GENERAL TERMS AND CONDITIONS (GTC) of CYS Europe GmbH (hereinafter referred to as CYS) FOR COMMERCIAL CUSTOMERS

§ 1 General

  1. The business relationship between CYS and the purchaser is governed by the GTC listed below. Changes to the GTC are reserved. The currently valid version of the GTC is published on the internet and is visibly displayed in the business premises of CYS. The version of the GTC valid at the time of the order applies to the entire business relationship between the parties.
  2. Deviating or conflicting terms and conditions are only valid if CYS has explicitly accepted them in writing.
  3. All activities and products of CYS are exclusively intended for commercial use by an entrepreneur within the meaning of Section 14 of the German Civil Code (BGB), a legal entity under public law, or a special fund under public law. Upon request, CYS must be provided with proof of commercial activity. By placing an order, the purchaser confirms the commercial use.
  4. The prices stated by CYS are therefore - unless otherwise indicated - exclusive of the applicable statutory sales or value-added tax.

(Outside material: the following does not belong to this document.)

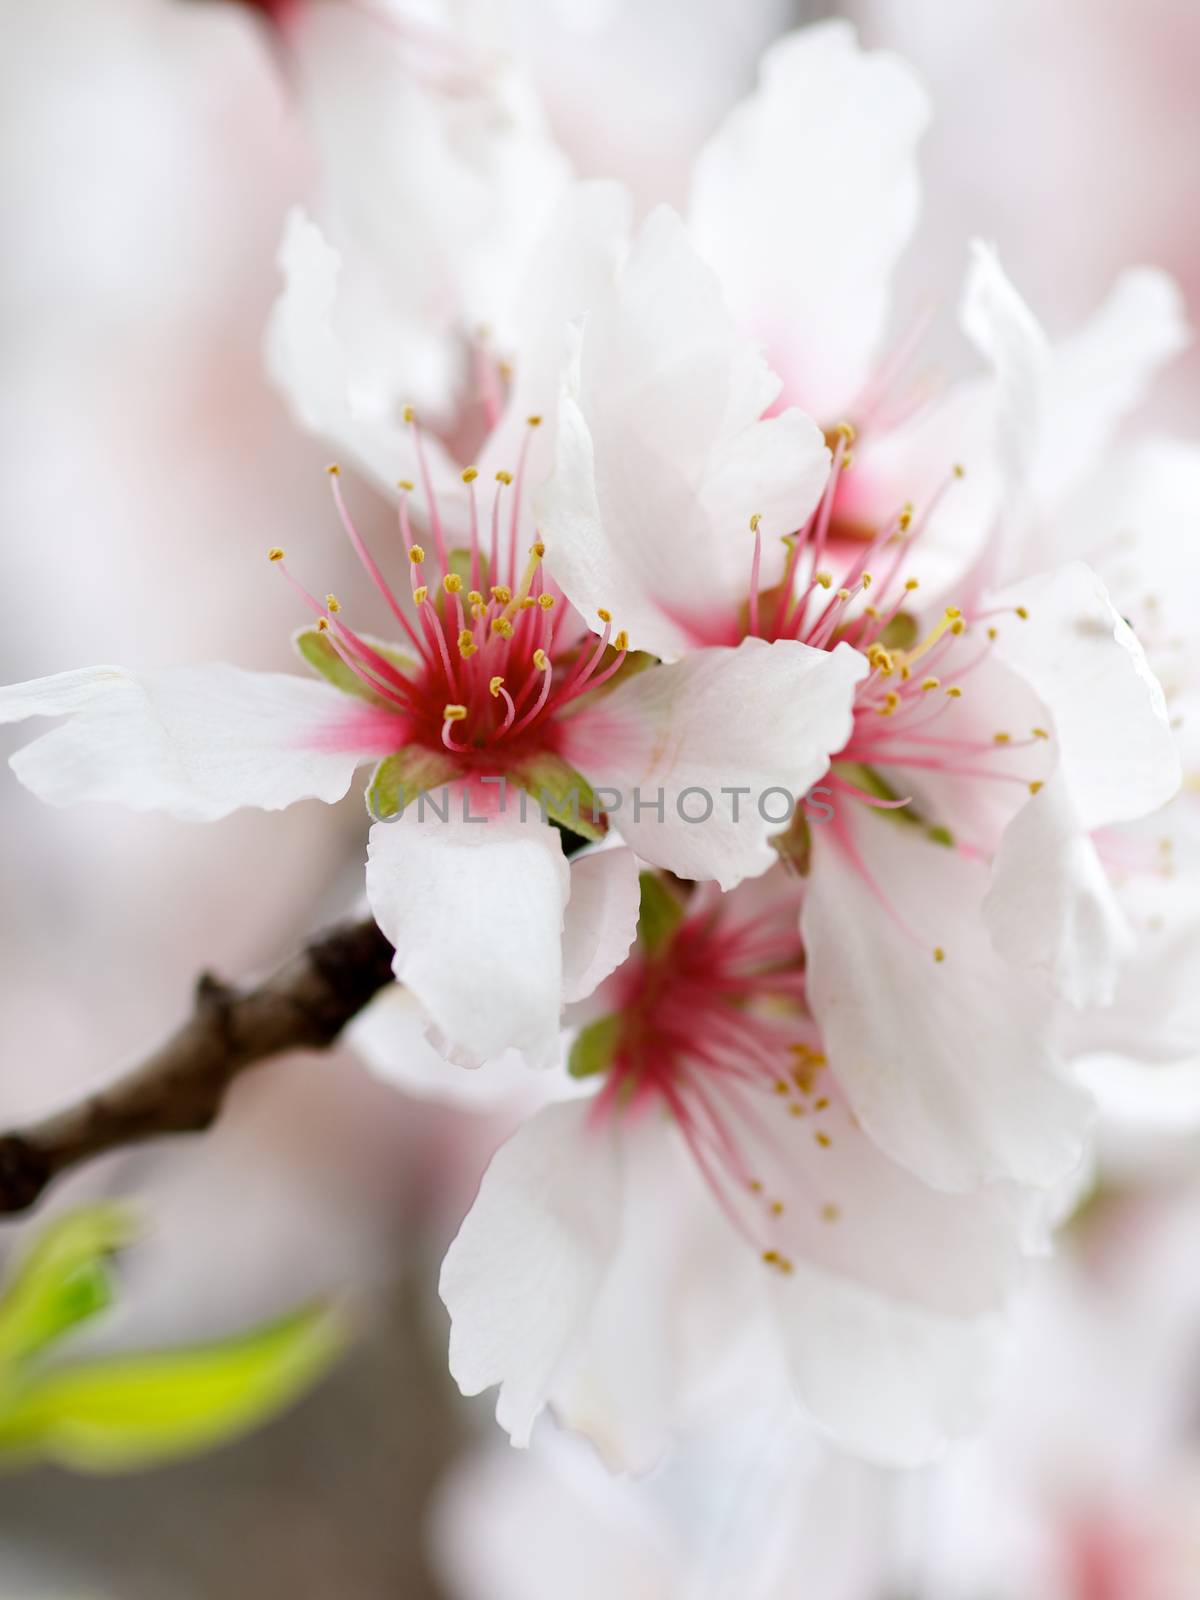 White Cherry Blossom by zhekos
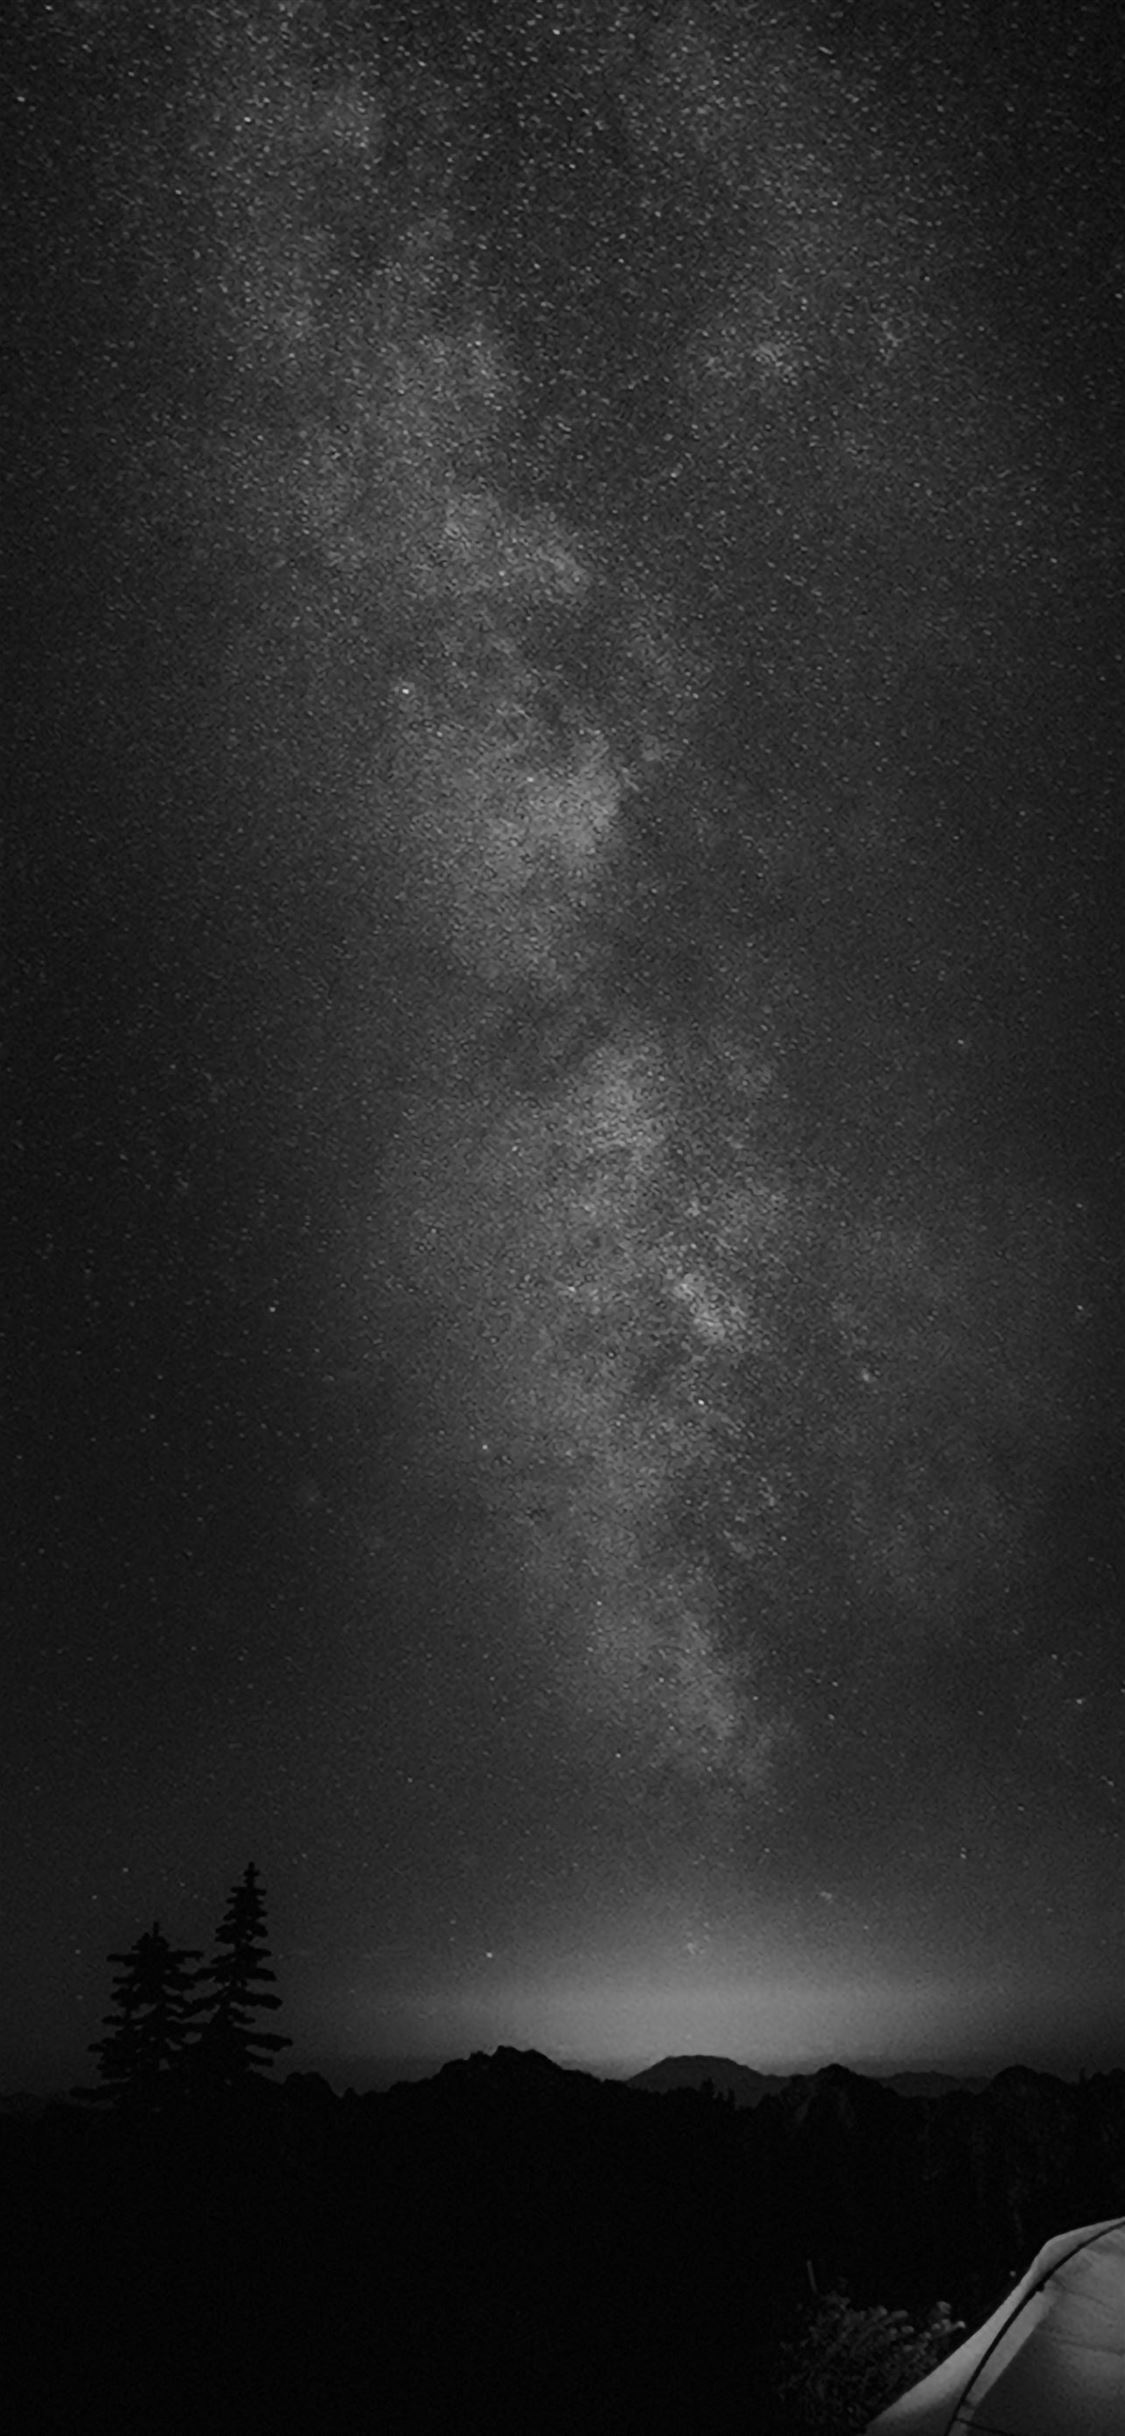 Camping Night Star Galaxy Milky Sky Dark Space Bw iPhone wallpaper

§ 2 Conclusion of Contract and Withdrawal from the Contract

  1. CYS only accepts written orders (email, fax, letter) at the current conditions published at the time of ordering in printed materials or on the internet.
  2. The assumption of a warranty by CYS requires an explicit and written declaration with the designation "Warranty." Product descriptions do not constitute a warranty within the meaning of Section 443 BGB. If the order was placed based on a printing, calculation, or writing error, CYS reserves the right to withdraw.
  3. If ordered goods are unavailable due to disruptions in business operations not attributable to CYS, particularly due to labor disputes such as strikes and lockouts, as well as unforeseen obstacles such as operational disruptions, delays in the delivery of essential materials, or other cases of force majeure at CYS or its suppliers, or if required suppliers or specialists are unavailable despite contractual commitments, CYS is entitled to withdraw from the contract.
  4. Partial deliveries are permitted and constitute independent transactions.
  5. CYS is obligated to inform the purchaser immediately upon becoming aware of a delivery difficulty. In the event of withdrawal under Clause 2, CYS undertakes to refund any payments already received from the purchaser without delay.
  6. Purchasers may cancel the contract concluded with the order in writing by email, fax, or letter within two weeks of ordering, provided that the goods have not yet been dispatched.
  7. Goods already received can also be returned within two weeks of ordering without stating reasons, provided that any shipping costs incurred by CYS are reimbursed in advance. In this case, the purchaser also bears the costs of the return shipment and ships at their own risk. If the goods are incomplete, no longer in their original packaging, or have already been used, CYS reserves the right, at its discretion, to deduct an amount corresponding to the depreciation in value or to refuse the return.
  8. The above rights of cancellation and withdrawal do not apply to goods specially procured for the purchaser or custom-made products.

§ 3 Prices

  1. All price indications are, unless otherwise specified, in EURO and exclusive of statutory sales or value-added tax, as well as ex central warehouse, plus packaging, shipping, and insurance costs. The applicable prices are those published by CYS at the time. Older price lists lose their validity upon publication of a new one.

§ 4 Offer Documents

  1. Documents belonging to the offer, such as illustrations, drawings, weight, and dimension specifications, are only approximately binding unless they are explicitly designated as binding.
  2. CYS retains unrestricted ownership and copyright exploitation rights to offers, cost estimates, drawings, and other documents in accordance with Section 9; they may only be made accessible to third parties or used in any other way with prior consent.
  3. Documents belonging to offers must be returned immediately upon request. There is no right of retention.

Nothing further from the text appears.